User: Find all the capacitors and align them horizontally

Claude: [Calls find_components with query="C", filter_by="ref"]
Found 12 capacitors: C1, C2, C3...

[Calls align_components with refs=["C1","C2",...], axis="y"]
Aligned 12 capacitors along the Y axis.

User: Check if there are any overlaps

Claude: [Calls check_overlaps]
No overlapping components detected. The placement is valid.

User: Save the board

Claude: [Calls save_board]
Board saved to: examples/dogtracker/layouts/default/default.placed.kicad_pcb

🔒 Atopile Lock File Persistence

When working with atopile projects, placement positions can be lost when ato build regenerates the KiCad board.

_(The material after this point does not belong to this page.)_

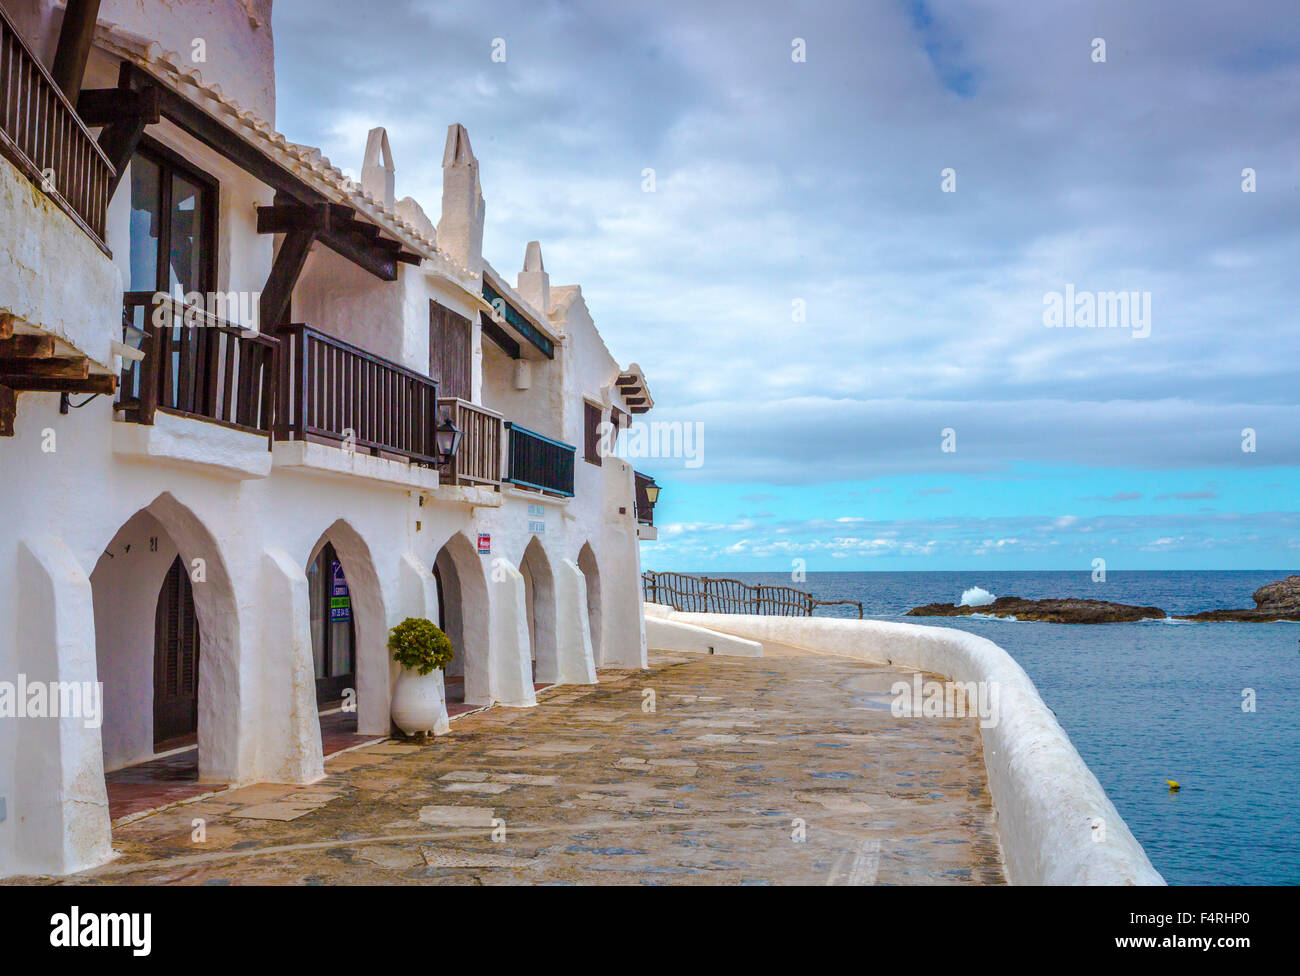 Balearic Islands, Binibeca, Fishing Village, Menorca, Island, Old Binibeca, Spain, Europe, Spring, arch, architecture, - Stock Image

The atoplace.lock sidecar file solves this by persisting component positions between builds.

How it works

After placement, atoplace automatically saves positions to a lock file next to the board:

my-project/
├── elec/
│   └── layout/
│       └── default/
│           ├── default.kicad_pcb
│           └── default.atoplace.lock  ← Saved positions
└── ato.yaml

Lock File Format

version: 1
created: 2026-01-14T10:30:00
build: default
components:
  U1:
    x: 125.5
    y: 80.0
    rotation: 0.0
    locked: true    # User-approved position
    module: mcu
  C1:
    x: 130.0
    y: 85.5
    locked: false   # Auto-placed, can be re-optimized

CLI Options

Flag	Description
--use-lock	Apply saved positions before placement
--only-locked	Only restore locked: true positions
--save-lock/--no-save-lock	Auto-save after placement (default: on)
--lock-all	Mark all positions as user-approved

Workflow Example

# First placement - automatically saves lock file
atoplace place my-project/ --use-ato-modules

# After `ato build` regenerates board - restore positions
atoplace place my-project/ --use-lock

# Only restore approved positions, re-optimize others
atoplace place my-project/ --use-lock --only-locked

# Approve all current positions
atoplace place my-project/ --lock-all

Merge Logic

The lock file uses Lock > Physics priority:

1. locked: true positions always preserved (user-approved)
2. locked: false positions used as initial hints, can be re-optimized
3. New components (not in lock file) placed by physics engine

📄 License

MIT License - see LICENSE for details.

🙏 Acknowledgments

• atopile: The declarative language that makes code-driven hardware possible.
• KiCad: The open-source EDA standard we build upon.
• kicad-python: Official Python bindings for KiCad's IPC API.
• Freerouting: The open-source autorouting engine.